§ **Exercise**
Each and every line below goes into your answer unchanged, but leave out the images.

___ Data section

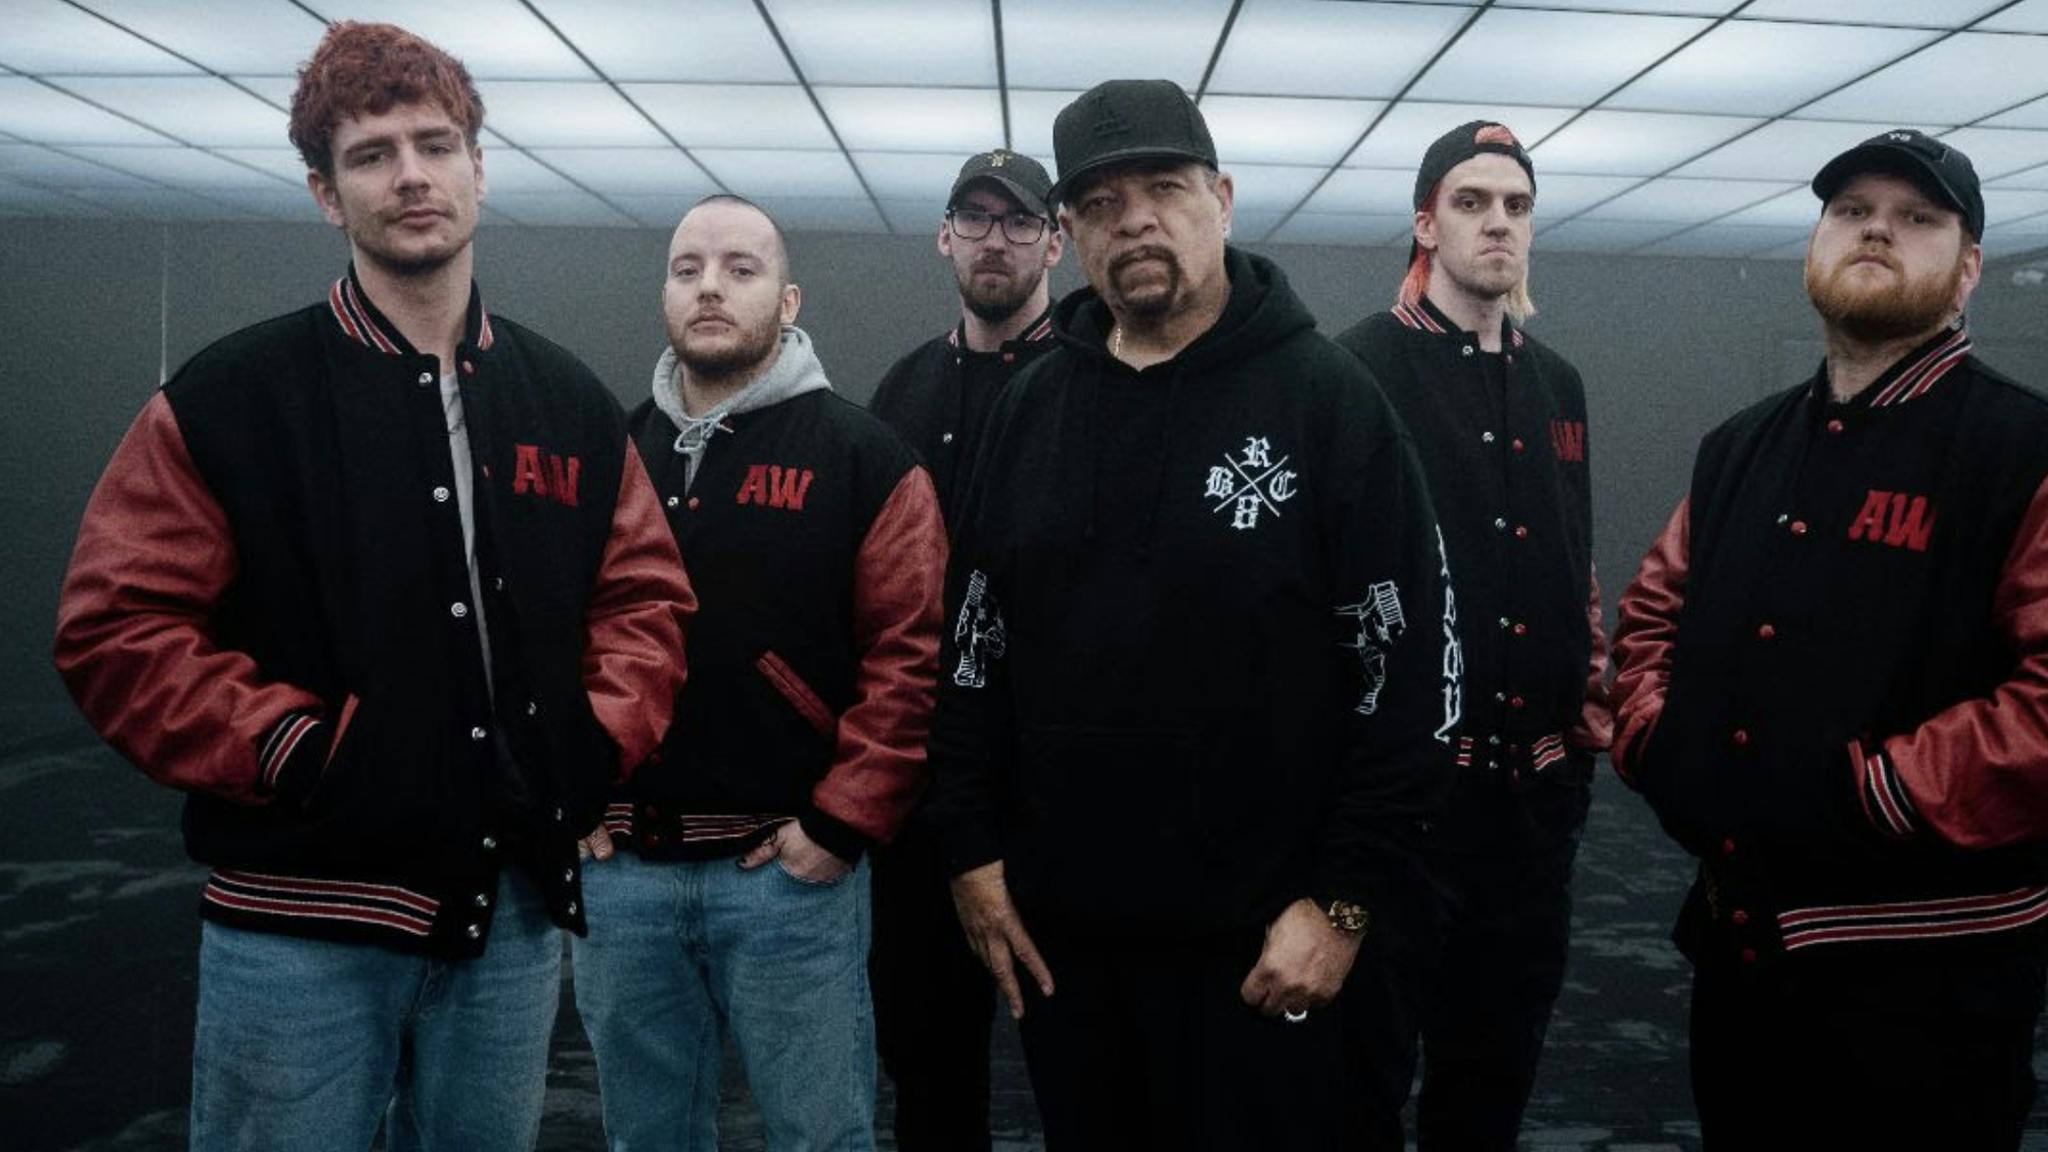 Alpha Wolf “decided to shoot for the stars”, and got Ice-T on their new single
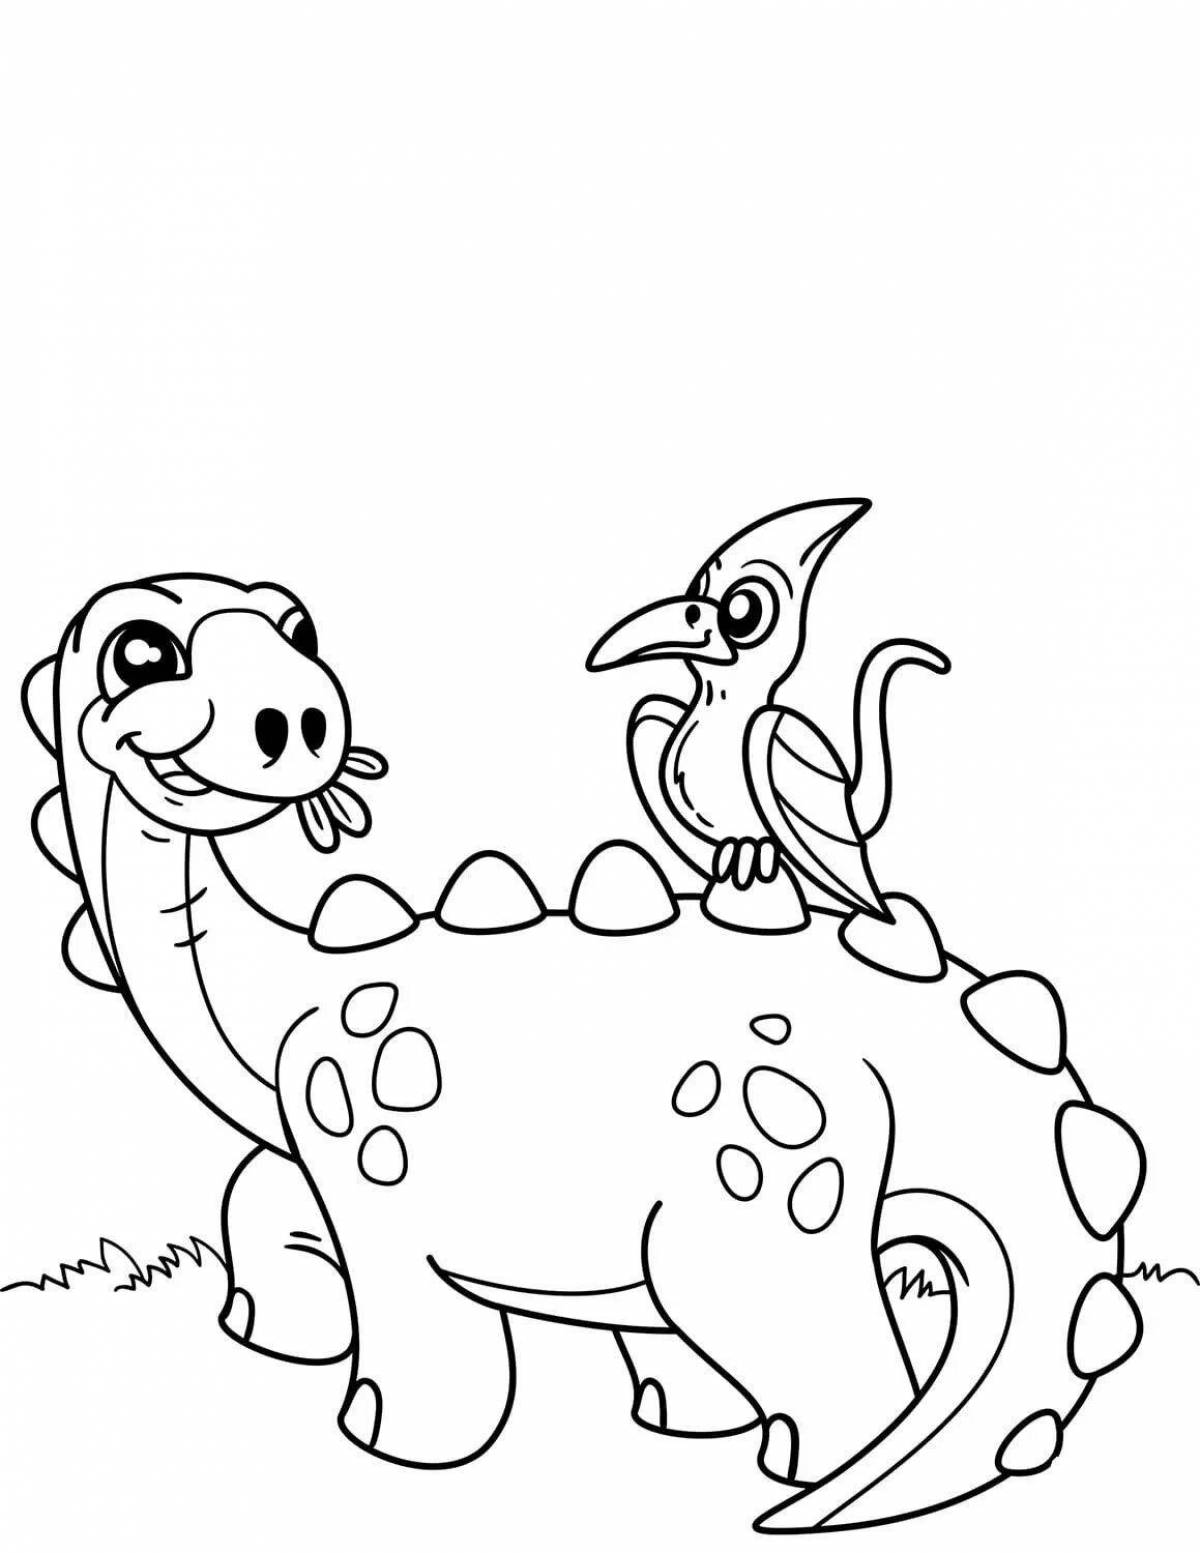 Awesome Zavriki coloring pages
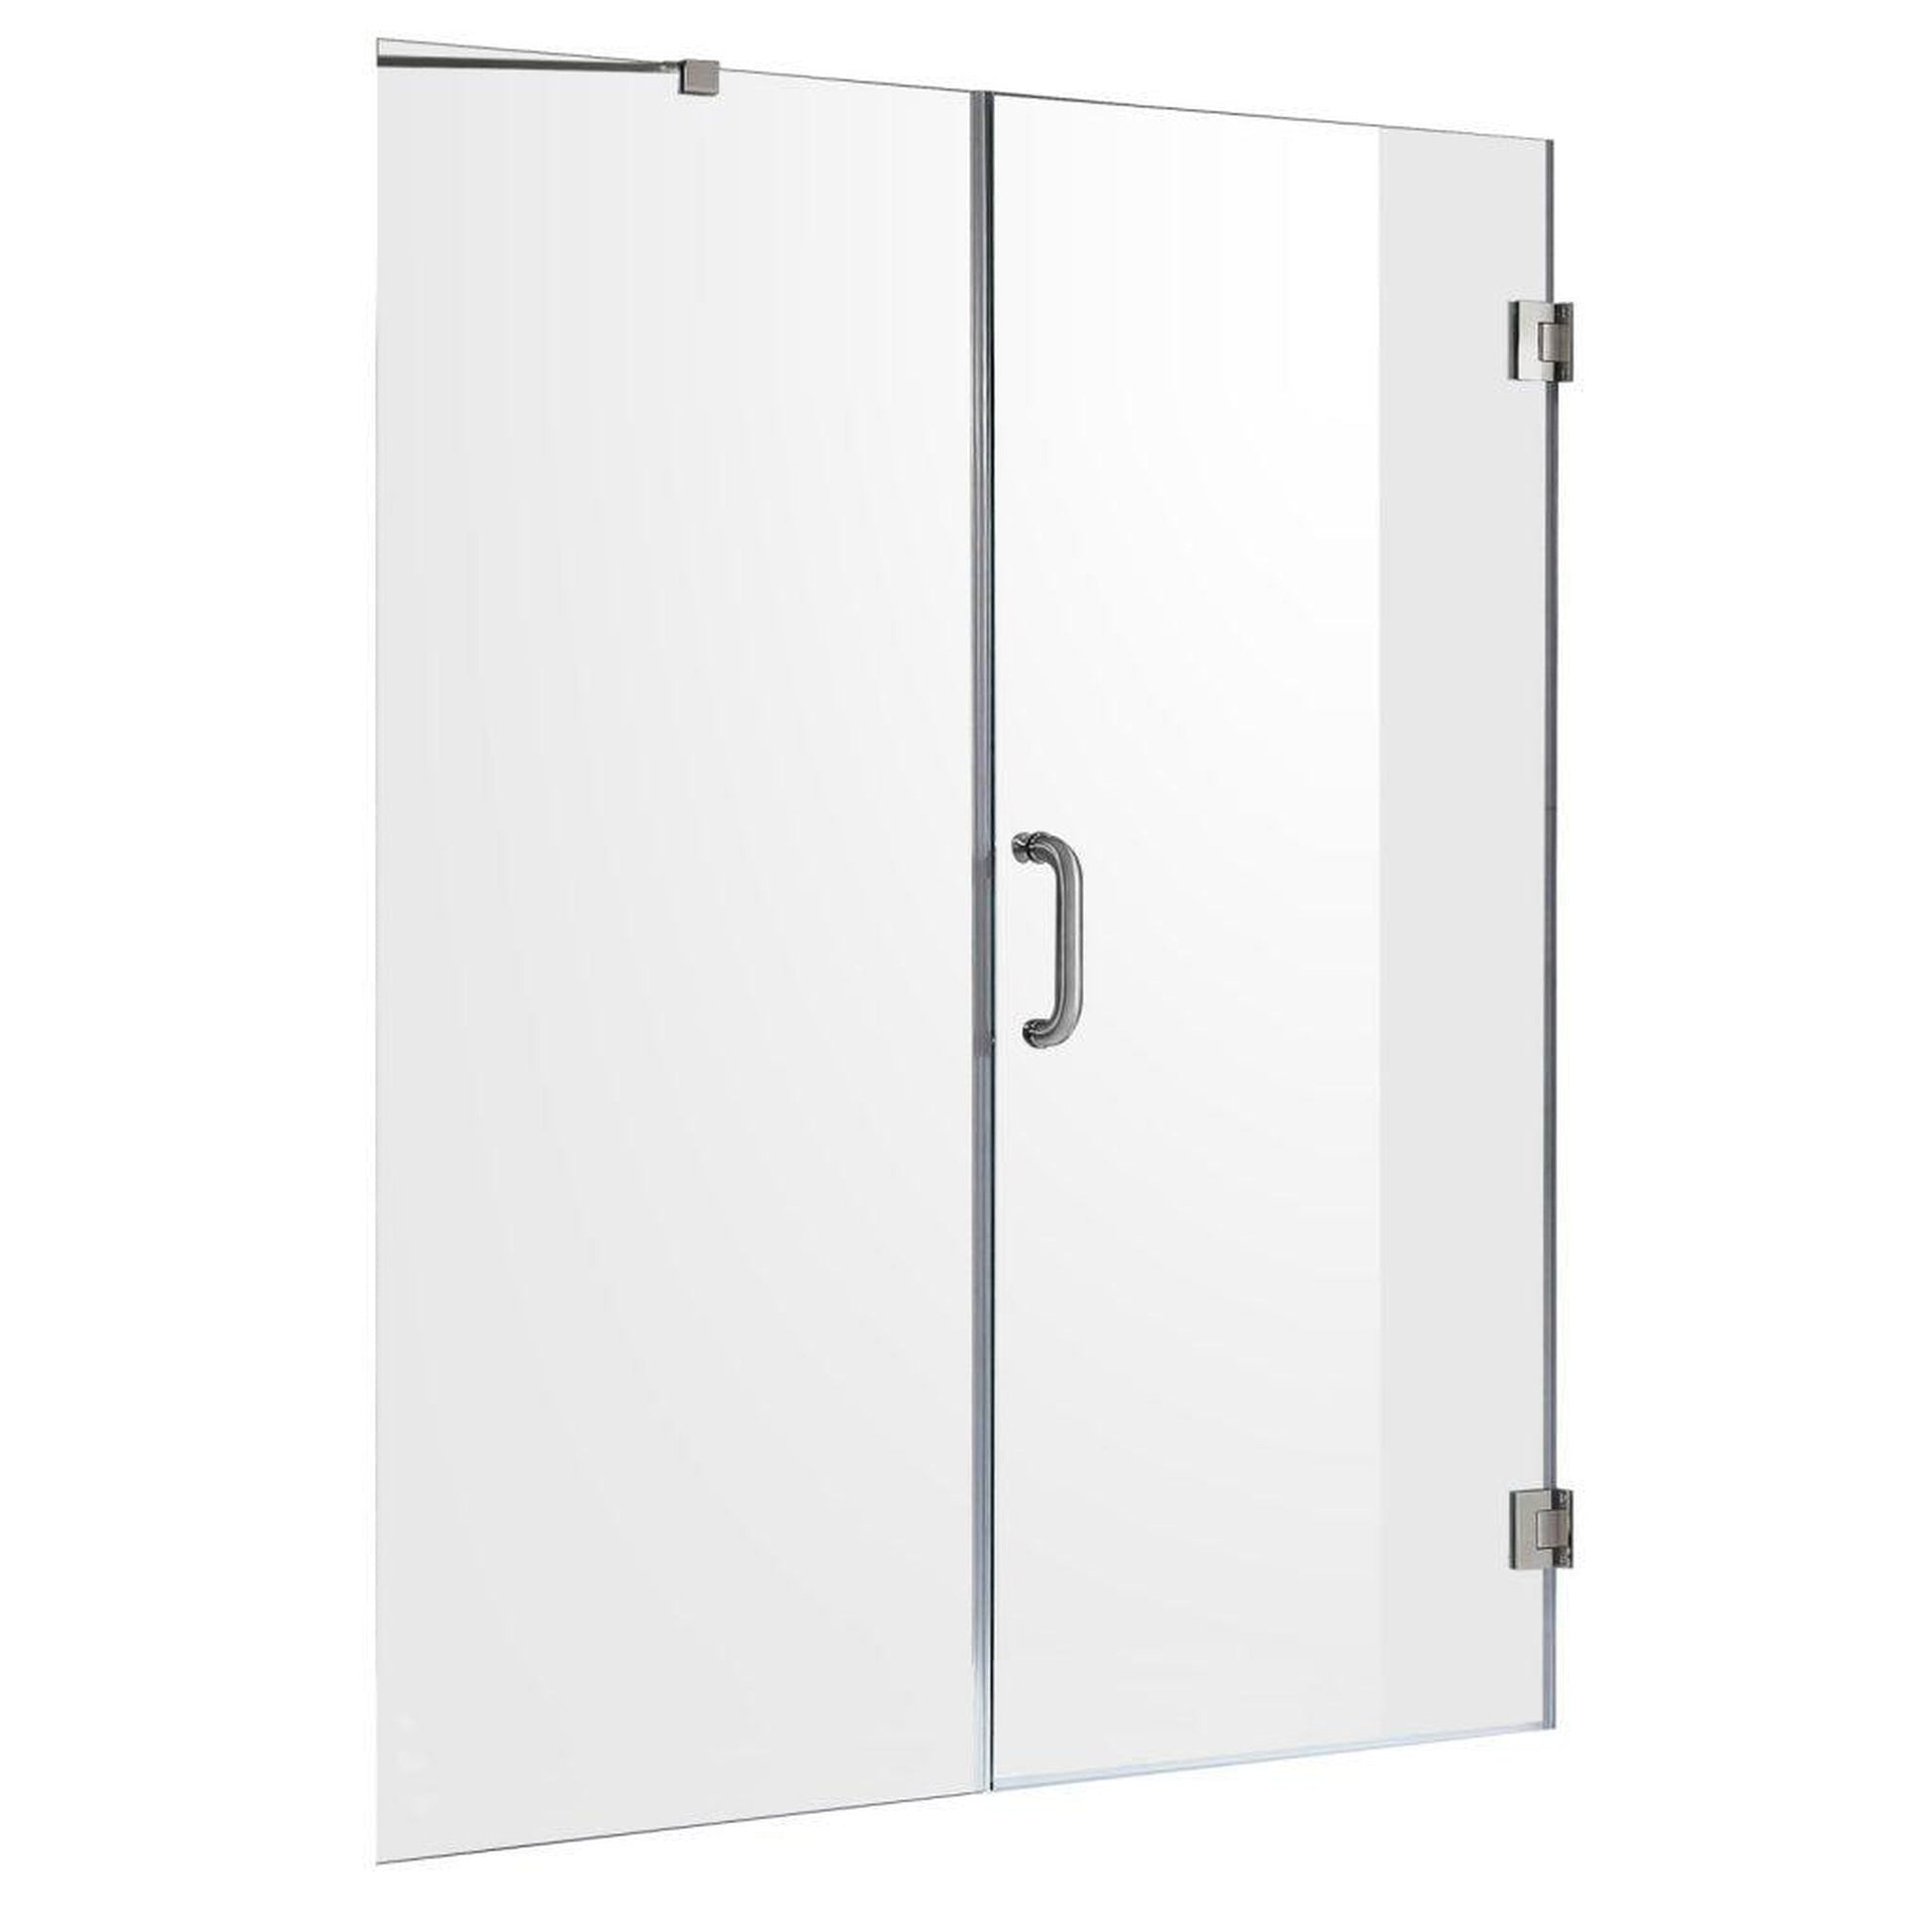 ANZZI Makata Series 60" x 72" Frameless Alcove Brushed Nickel Hinged Shower Door With Handle and Tsunami Guard

______

§ **Exercise output**
 Alpha Wolf “decided to shoot for the stars”, and got Ice-T on their new single
 Awesome Zavriki coloring pages
 ANZZI Makata Series 60" x 72" Frameless Alcove Brushed Nickel Hinged Shower Door With Handle and Tsunami Guard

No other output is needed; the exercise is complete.